Словно огненный вихрь охватил ее, в мгновение ока превратив из застенчивой скромницы в уверенную в своей власти, раскованную и жаждущую повелительницу чувственной стихии. Маша едва слышно засмеялась, выгнулась дугой на Иониных руках и с жадностью приняла его в себя. Теплый розовый мрамор был холоднее разгоряченной кожи. А в зеркальных плитках дробились в бесконечное множество две сплетенные воедино фигуры.
Иона не мог скрыть радостного изумления. Совершенно новая, волнующая бесхитростным откровением женщина послушно покорялась его воле, но в то же время сама безраздельно властвовала над ним. И он вместе с нею постигал каждую следующую ступеньку бесконечной лестницы любовной страсти.
— Тебе хорошо со мной? — Маша перевела дыхание и смущенно опустила глаза.
— Очень... — выдохнул Иона.
Она приподнялась на локте и прижалась щекой к его щеке.
— Ты колючий...
— Правда? Я сейчас побреюсь. Черт... с утра уже оброс...
— Не надо.

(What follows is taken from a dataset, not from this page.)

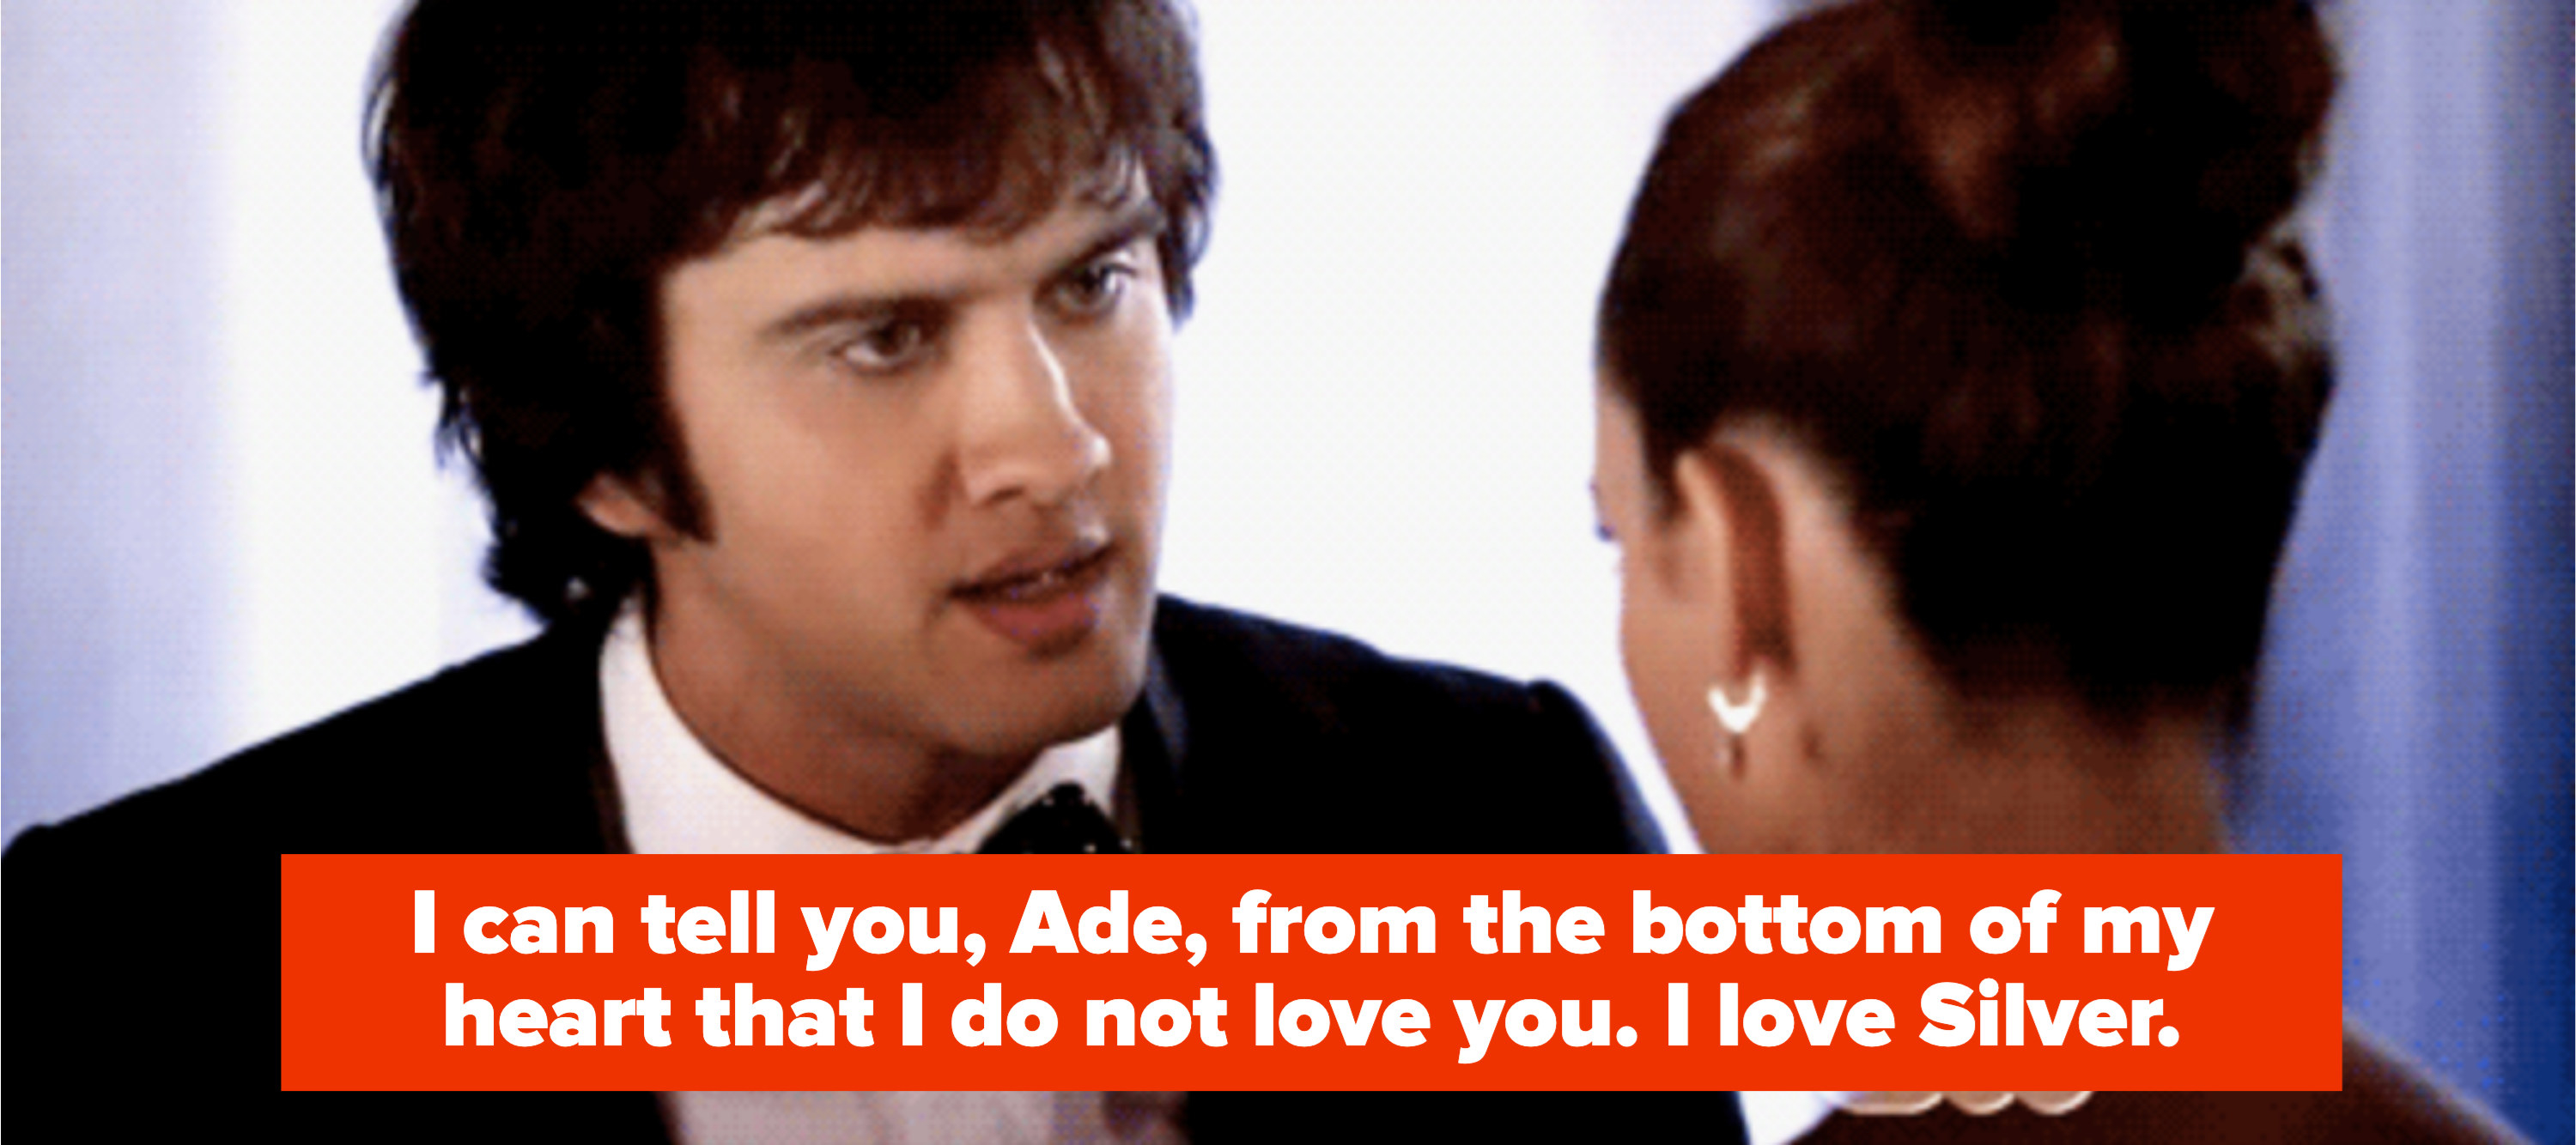 Navid telling Adrianna he loves Silver, not her

Мне так нравится...
Она мягко провела пальчиком по отросшей щетине. Раньше небритый мужчина вызвал бы в ней только брезгливость, а сейчас Маше казалось, что это неоспоримый признак мужественности. И запах пота от его кожи не сравнить ни с каким дорогим одеколоном. Он такой родной и неповторимый... И Маша, словно кошка, потерлась носом о его плечо. И тут же подумала, что именно так ее Пуся обнюхивала своего кота... И наверное, так же доисторические женщины определяли издали по запаху, что приближается их возлюбленный... Инстинкт... Самый древний на свете... Основной инстинкт...

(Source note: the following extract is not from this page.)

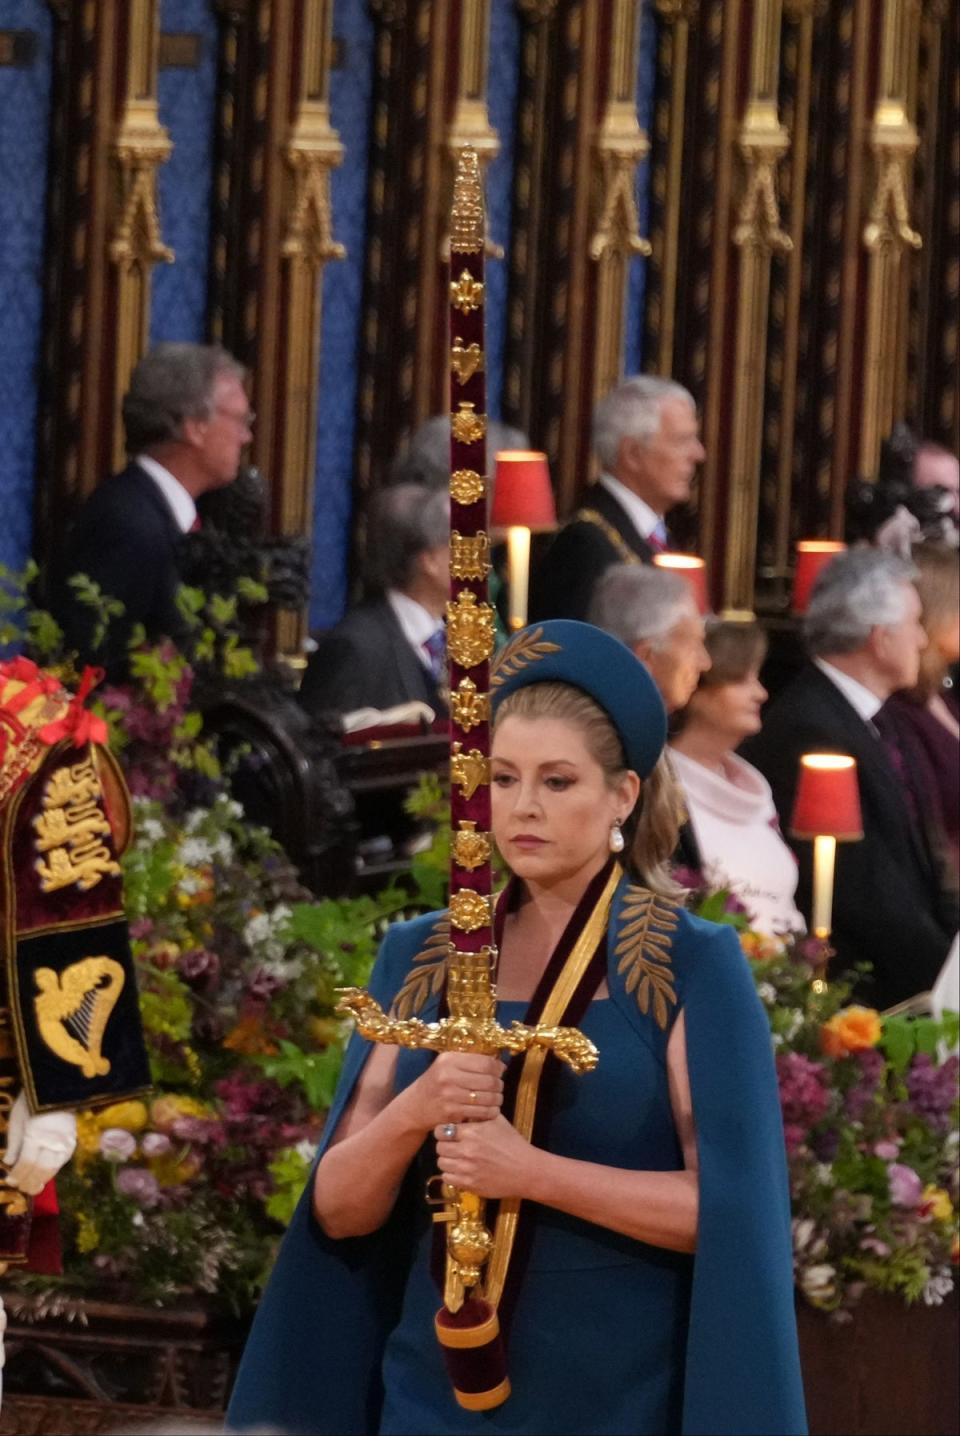 IN FOR A PENNY, IN FOR A POUND: At the Coronation, Lord President ofthe Council Penny Mordaunt held aloft the Sword of State for 51 minutes (Getty Images)

Потом Иона закутал ее в махровый халат и опять перенес на постель.
— Ты не устала?
— Ни капельки.
— Ты не будешь считать меня ненасытным монстром? Я так долго ждал этой ночи...
— Я тоже...
И опять летит на ковер махровый халат, веером разлетаются по комнате розовые лепестки, а тонкие простыни сминаются, сбиваются в комок от жадных, нетерпеливых ласк. Как будто они были в разлуке целую вечность и вот наконец встретились...
— Я все делаю правильно?
— А разве здесь бывают правила?
— Не знаю...
— Ты просто великолепна... Ты сводишь меня с ума...

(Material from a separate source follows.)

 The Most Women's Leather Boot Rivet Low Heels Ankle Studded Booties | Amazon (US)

— Это потому, что я сама давно сошла...
Какое счастье лепетать восторженные ласковые фразы, не задумываясь над тем, умно это или глупо, достойно или неприлично. И не надо думать, как ты выглядишь, потому что благодаря Ионе Маша видит себя его глазами. И сама изумляется тому, что оказывается хороша, что у нее мягкие губы, упругая грудь, сильный плоский живот, а щеки пылают, это его слова заставляют их залиться румянцем...
— Машенька... Иди ко мне... ближе... я хочу тебя...
Какое счастье чувствовать себя желанной, единственной, неповторимой. Маша не знала, что может когда-нибудь испытать такое. Это словно летишь с высокой горы, распластав в воздухе крылья, и сердце разрывается от восторга... И хочется крикнуть: «Остановись, мгновение, ты прекрасно!» Свечи давно догорели, робкий солнечный луч заглянул в спальню, пробившись сквозь плотно сдвинутые шторы. Он упал на лицо Ионе, защекотал глаза, перепрыгнул на Машу и заставил ее тоже зажмуриться.
— Разве уже утро?
— Да, мое сокровище.
— Я не заметила, как пролетела ночь... Я думала, она будет длиться целую вечность.
— Тебе жалко?
— Почему все хорошее всегда так быстро кончается?
— Не думай об этом. Мы теперь всегда будем вместе. Много тысяч таких ночей.
— Мне кажется, так не бывает...
— Ты мне не веришь?
— Я не о том... Мне кажется, это сказка...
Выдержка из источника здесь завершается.